Doug Merritt, Splunk’s President and CEO, kicked off the Splunk .conf18 event in Orlando by emphasizing the congruence between the company’s greatest wave of innovation ever, and the time in the market when the pace of change and the ability to tap into the monstrous mess that is contemporary data are at their peak of importance.
ORLANDO – Market forces are dramatically increasing demand for the kind of innovation that Spunk provides, and the machine-generated data-focused vendor has responded by its greatest wave of technology breakthroughs in its history. That was the messaging that Doug Merritt, Splunk’s President and CEO, delivered to the audience in his kickoff keynote at the Splunk .conf18 event here.
“Two years ago when we were here we had less than 4000 people, and we have now more than 8000 people here right now,” Merritt told his audience. While that doubling of the attendee audience is impressive, it pales beside what Merritt described as the exponential pace of change that drives Splunk’s business.
“With the acceleration of change, of ideas, and new business models – it’s literally an explosion of technology,” he declared. Artificial intelligence, machine learning, drones, robotics, smart everything, DNA sequencing, genetic manipulation – it is a landscape filled with change and the messiest of them all is the digital landscape. It was hard enough just to harness enough ERP data. Today, if we really want to be successful, we have to tap into that sea of data outside of our walls. We have to use data to make things happen.”
Merritt stressed that while the IT revolution really dates from the 1960s, the tools the industry has been using for the last fifty years have been mostly geared for a structured world.
“Splunk’s approach is different,” he said. “We are built to work the way that your data works – so you can go from this flow of seeming chaos to business actions. Our core design philosophy is to embrace the mess, and it seems like it has been an overnight success, but it has been hard-earned.”
Merritt said that Splunk’s new solution announcements extend the innovation to a much greater degree than at any point in the past.
“I’ve been waiting for this week for six months, because of the product momentum and innovation,” he said. “This is our first real significant landing spot, where we can really make things happen with data. What I’m most excited about here is our evolution as a company around our core technology. The Splunk Search capability has blown people away – the new Data Stream Processor, the amazing Federated Search Capability. We are now able to go 1400 per cent faster with Splunk Data Fabric Search – a two orders of magnitude increase. We are also continuing to see the democratization of data through multiple nodalities. We have a wide variety of users, from technical hard core people to non-technical business users, and all of them need continued help to make things easier to digest. It’s about how to make our SPL language more manageable, making their environment more flexible, so that you can have automated actions at the speed of compute.

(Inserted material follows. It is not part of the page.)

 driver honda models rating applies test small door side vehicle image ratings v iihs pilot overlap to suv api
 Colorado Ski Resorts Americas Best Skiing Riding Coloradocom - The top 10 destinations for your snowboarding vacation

“Our vision is to lay from the edge all the way back to data centres and on public clouds,” Merritt explained. “It is a very complex and confusing heterogeneous world. We need to be able to understand that and provide integration so we can take advantage of all these environments. That’s why we dove into openness, three plus years ago. Standards are good, but with the rate of innovation we are seeing today, we won’t get in front of that standards problem.”
Merritt emphasized that with Splunk’s massively unique ability to create data sets from the data at their disposal, they have a unique advantage in addressing these issues that are becoming ever more important.
“Machine learning is nothing more than different sets of algorithms,” he said. “The community is getting better at how to do that. But 80 per cent of data scientists’ time today is spent trying to create data sets to set their algorithms against. The strength of Splunk is in our core index. We do not strip out that core data, so you can rapidly form up data sets. That’s part of that cycle of speeding things up. Because with Splunk Data Fabric Search, it doesn’t matter where the data lives, MSSPs or service providers or enterprises querying search outside their core walls to test algorithms can take a much broader sample set into consideration.”
Ultimately, Merritt stressed to his audience, that’s the bottom line.
“Without adopting that growth mindset, without embracing the mess, you are at odds with moving forward,” he emphasized.